Des délais qui peuvent atteindre huit mois pour permettre aux anciens combattants d'avoir accès à des soins de santé mentale sont beaucoup trop longs, a constaté le vérificateur général du Canada dans son rapport d'automne rendu public mardi.

Ce constat pourrait relancer le débat entourant la vague de suicides qui a récemment affligé les anciens membres de Forces armées. Environ 16 000 ex-militaires sont admissibles à ces programmes de santé mentale qui visent des troubles comme la dépression et le stress post-traumatique.

Au cours des dernières années, plusieurs ont dénoncé publiquement la lourdeur et la complexité du processus. Le vérificateur Michael Ferguson leur a donné raison mardi : « Notre enquête a [...] indiqué que les vétérans trouvaient le processus de demande complexe et long. Nous sommes d'accord », a-t-il tranché.

« Dans bien des cas, les actions du ministère ne suffisent pas à faciliter l'accès en temps opportun pour les vétérans à des services de prestations de santé mentale qui répondent à leurs besoins. »

«Pas atteint sa cible»

M. Ferguson a noté que le ministère des Anciens Combattants n'atteint pas sa propre cible de fournir à 80 % des demandeurs une décision relative à leur admissibilité dans un délai de 16 semaines (quatre mois). En 2013-2014, le pourcentage était plutôt de 75 %. « Cela signifie que 733 vétérans n'ont pas reçu de décision dans le délai de 16 semaines correspondant à la norme », a-t-il constaté.

De plus, le ministère calcule cette cible de 16 semaines à partir du moment où il juge que la demande est complète.
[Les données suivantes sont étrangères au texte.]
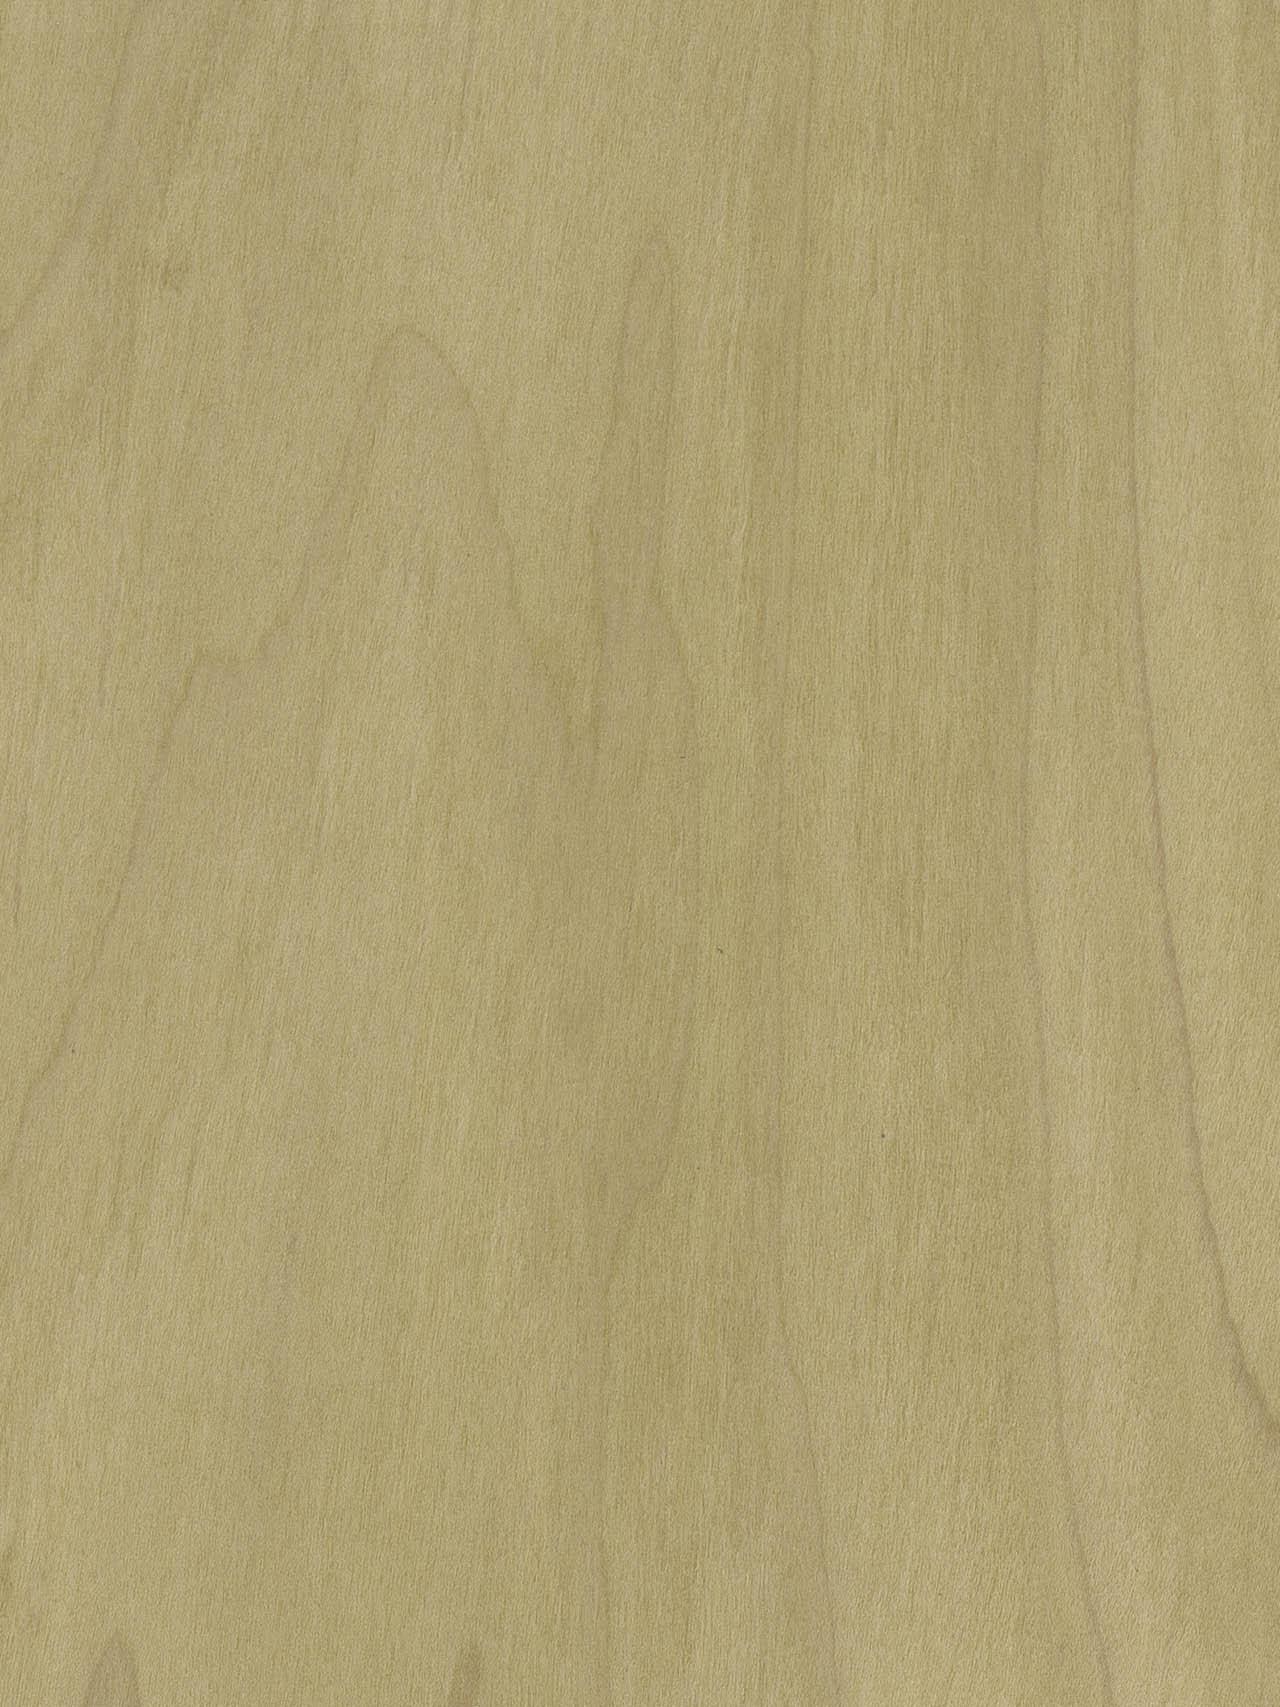 Chapa de madera Tulipié Esmeralda Losán

Mais il peut s'écouler un autre 16 semaines avant cette date, à partir de la première prise de contact et de l'ouverture du dossier. « Nous avons constaté que, selon la perspective des vétérans, il fallait environ deux fois plus de temps que ne le prévoit la norme d'Anciens Combattants Canada (32 semaines contre 16 semaines) pour que 80 % des vétérans reçoivent une décision relative à l'admissibilité », a souligné Michael Ferguson.

Un nombre important d'anciens combattants aux prises avec des problèmes de santé mentale peuvent donc attendre huit mois avant d'être autorisés à recevoir des soins.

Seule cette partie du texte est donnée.